Я перевернулась с одного бока на другой, подкладывая под грудь подушку. Даже смешно: от глобальных размышлений о мире, дружбе я перешла к теме мужчин. Неужели действительно они — это пупок планеты, навязчиво и настойчиво притворяющийся большим и жирным пупом с амбициями, силой и прочей мишурой? Быть может, это мы даём им право казаться именно такими, а не наоборот? В какой период я стала вообще думать о подобном? А что там про магический мир?
Вспомнилось, как в хогвартской столовой между уроками я и дуэт двух мальчиков терли между друг другом грандиозные слова, живя при этом на очень небольшие деньги, выстраивали какие-то сумасшедшие планы, которые, на удивление многих и нас самих, сбывались. Со стороны кажется чем-то безвкусным до безобразия. Как сложилась их жизнь? Любопытство, конечно, зарождалось во мне всякий раз, когда приходилось обо всём этом думать, но я каждый раз чуть ли не била себя по рукам, когда они норовили поискать информацию в СМИ или интернете. То было — сладкая молодость, не иначе. Осознаю это только сейчас, когда в мою дверь стучится кризис среднего возраста, и даже закрываю глаза на то, что там были проблемы помасштабнее — спасение целого мира. Не мы выбирали наши судьбы — это судьба сыграла с нами в злую русскую рулетку. Знали бы все, кто нас окружал, чем заняты головы прогрессивных молодых людей, то точно бы вложились в нас гораздо раньше. Душами, я имею в виду, а не прямыми материальными инвестициями. Гораздо раньше бы стали уважать, не занижая наши умы. Нас точно-точно очень не любили: преподаватели странно поглядывали на то, как я помогаю им с домашкой, и как Гарри и Рональд только и делают, что пользуются этим; ученики с других факультетов называли нас отчаянными — в лучшем случае, двинутыми на всю голову — в худшем; Слизерин — это вообще отдельная пища для размышлений, которую я попробую несколько позже. Причём интересно, что подобная панорама реальности не вызревает по отдельности в каждой из голов, а транслируется в уже подготовленной заранее расфасовке. И кто ее создатель? Интересно, думала я, считают ли так же мои продвинутые сверстники сейчас?
Часы, что висели прямо перед кроватью, угрюмо напоминали, что сейчас самое время, чтобы лечь спать и ещё успеть не проснуться тухлым овощем, но мне хотелось продолжить свой монолог, чтобы вспомнить много больше, чем я давала себе за все эти потерянные года.
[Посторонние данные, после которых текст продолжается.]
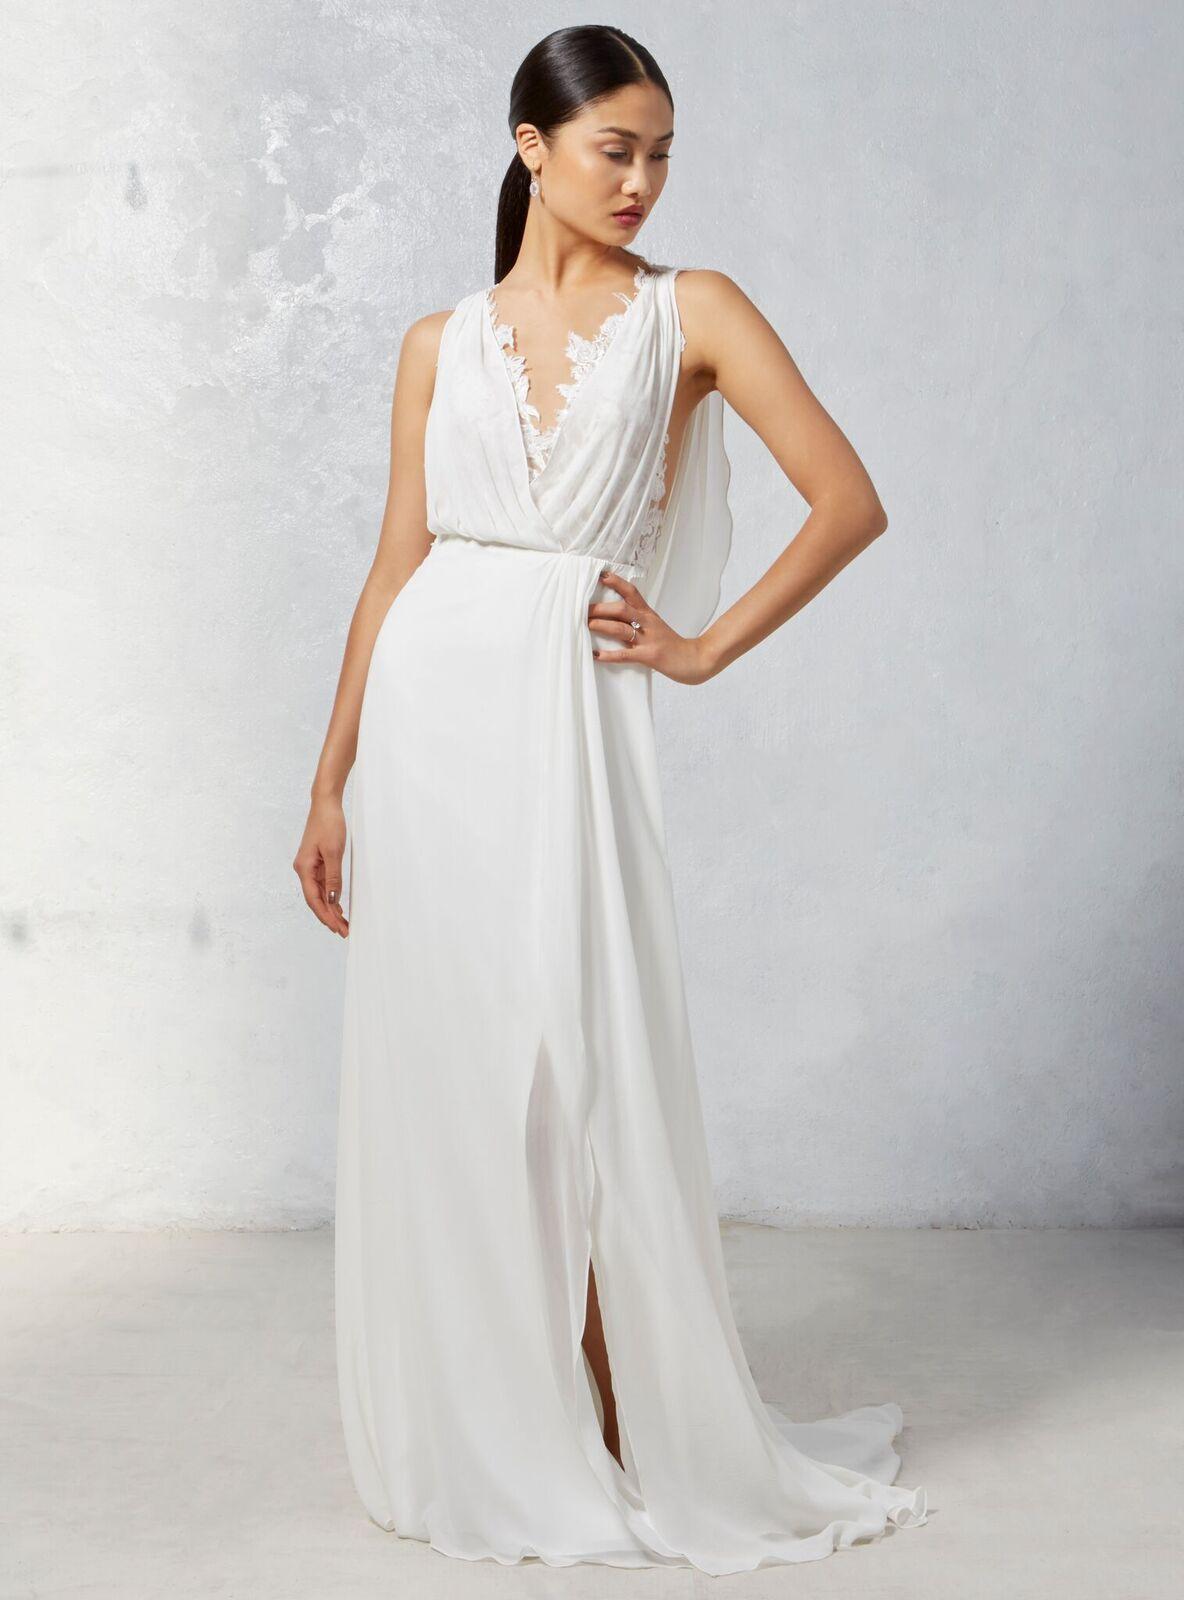 Draped Grecian Wedding Dress

Молодость. Первая школьная любовь. Неудачная. Я бы даже сказала, что просто мой вкус выбрал неудачный объект воздыханий. Да настолько, что приходилось заниматься самобичеванием по этому поводу исключительно под противным светом ламп в библиотеке, где чаще всего никого, кроме меня, не присутствовало. Мне казалось, что меня не спасут все защитные заклинания, если я подумаю об этом в любом другом месте. В теории: я точно знаю, что если бы нечто такое произошло со мной сейчас, то меня бы засмеяли точно так же, что и тогда. Однажды я решилась на откровения, подумав, что прошло столько лет — стыдиться ведь нечего! Блейз Забини не оценил, выпучив на меня все свои глаза, уточняя, достаточно ли я трезва. Далее история умалчивает, потому что мне стыдно. По крайней мере, я убедилась, что мой друг не потерял прежней прыткости и уровня колкостей со школьной скамьи.
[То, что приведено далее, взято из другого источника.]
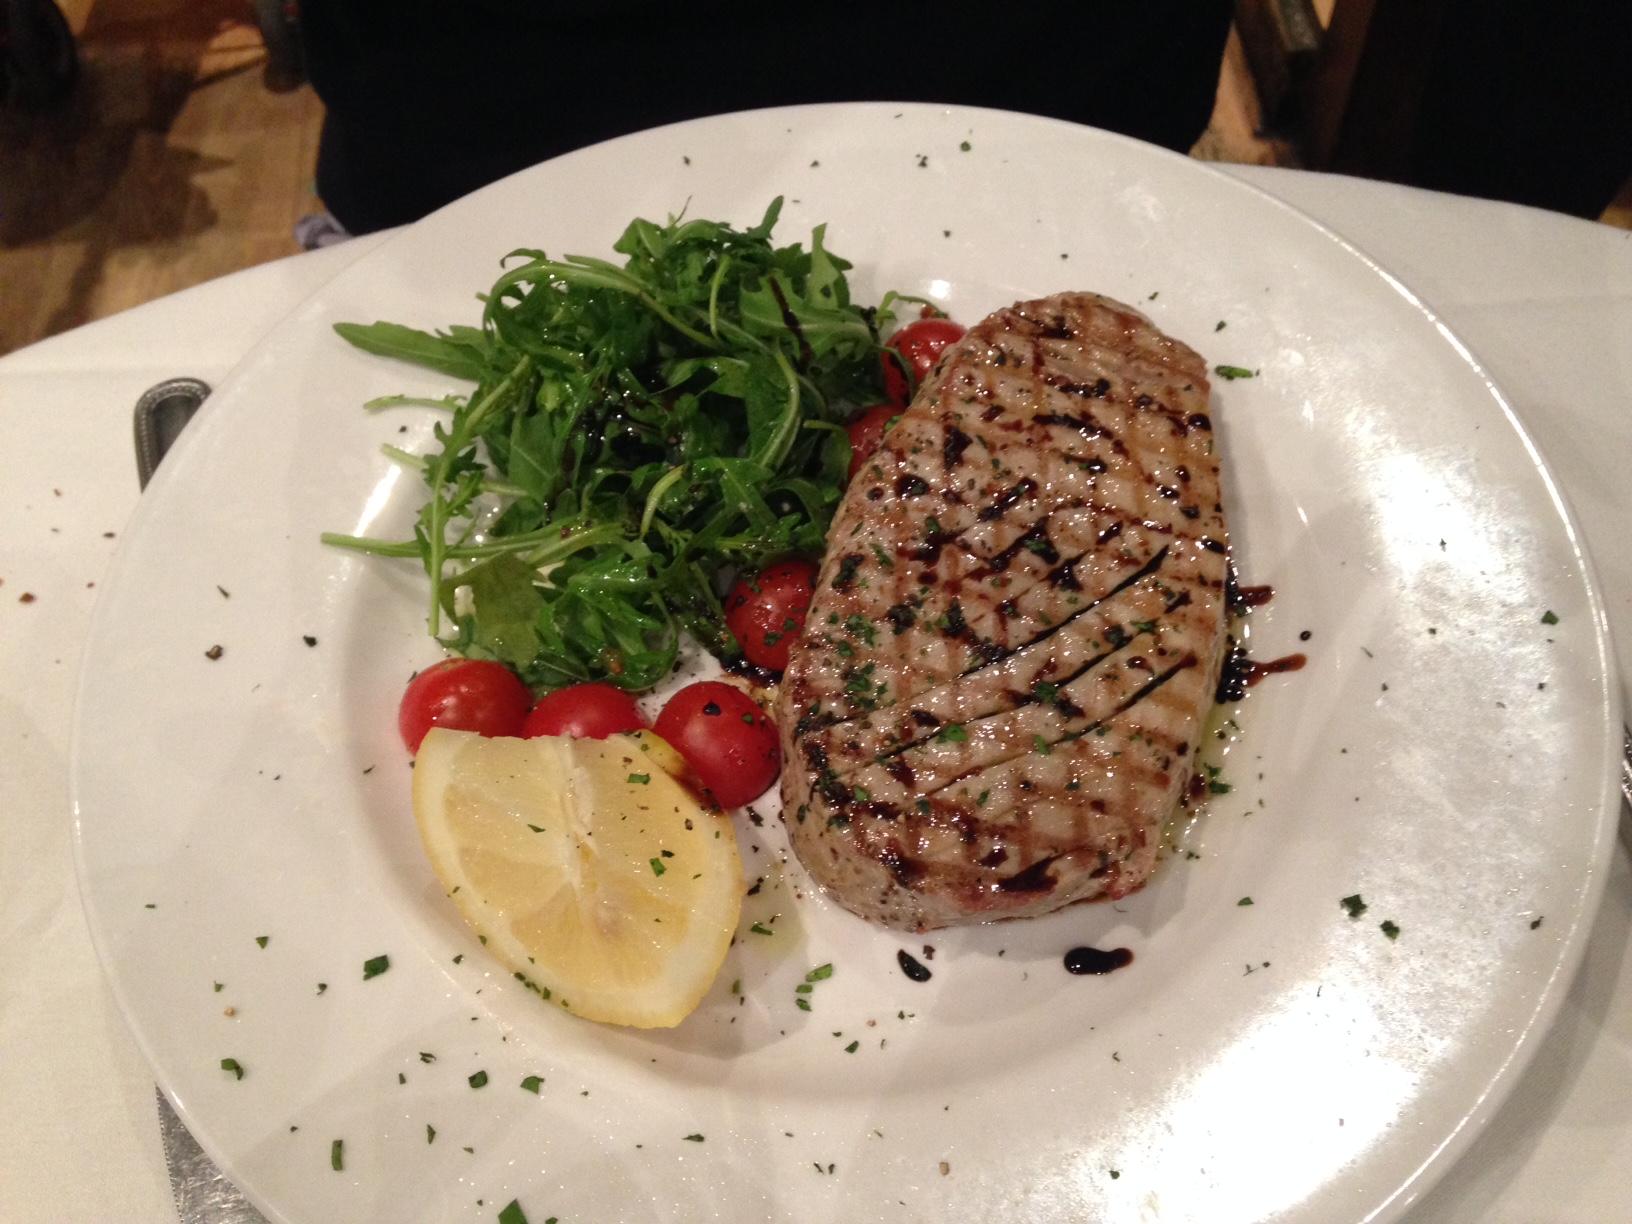 Dinner – londonismyplayground

Я безмерно уставала от такого положения дел: с одной стороны — мой возлюбленный, с другой — друзья и недруги, которые по отдельности и в разной степени нуждаются в моем внимании. Это настолько отвратительно — быть лишенной любого обособленного внутреннего пространства. Со временем это становится невыносимо. Проходит ещё чуть-чуть — внутри возникает чувство ненависти: к себе, к нему, да вообще ко всему, что мешает тебе хоть как-то функционировать.
Касательно этого я могу выразить достаточно твердую позицию: я не скучаю ни в коем случае. Лишь иногда сравниваю всех своих претендентов со своим первым опытом в сфере любовных дел, что в корне, на самом деле, неправильно — перекладывать прошлый опыт на настоящее.
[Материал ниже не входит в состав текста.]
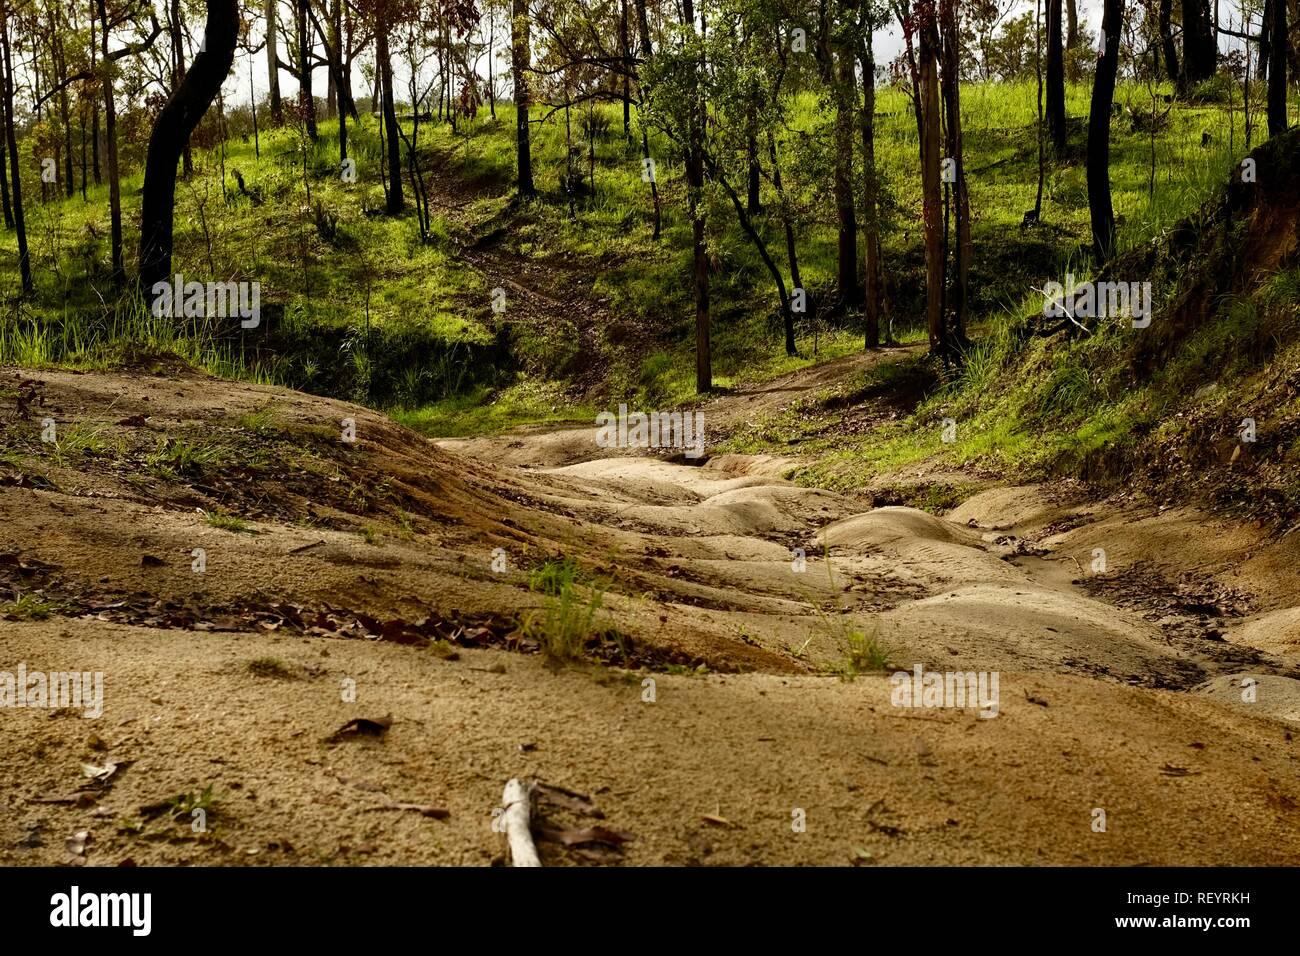 A dirt fire access road in Mia Mia State Forest, Queensland, Australia Stock Photo

Он вызывал во мне самый противоречивый спектр ощущений: один день — я лишалась всего разума от того, когда замечала, как край его мантии скрывается за поворотом, а за ним — макушка какой-нибудь девчонки; второй день — сталкивалась с ним в коридоре и, не сдерживая себя в выражениях, грубила, хамила и дерзила; третий — замечала его хрустальные глаза на себе и потом, сидя перед учебниками, тайком мечтала: «А быть может…»; четвертый — любила; пятый — стыдилась. Этот порочный круг продолжался бы без конца и края, но обстоятельства решали за нас: война, мир, суд. В промежутках — много боли. Он — там, я — здесь. Я — умираю, он — рядом, но так далеко.
Моё тело, что уже было укрыто тяжелым покрывалом, на уровне инстинктов сжалось; по ногам разошлась колющая боль, сдавливая суставы и кости; из груди вырвался скомканный вздох, а затем растворился в густой темноте спальной комнаты. В моменте мне стало страшно просто от того, что я испугалась собственного потока мыслей: моя первая любовь прямо пропорционально связана с ниткой, на которой я висела, когда находилась между жизнью и смертью.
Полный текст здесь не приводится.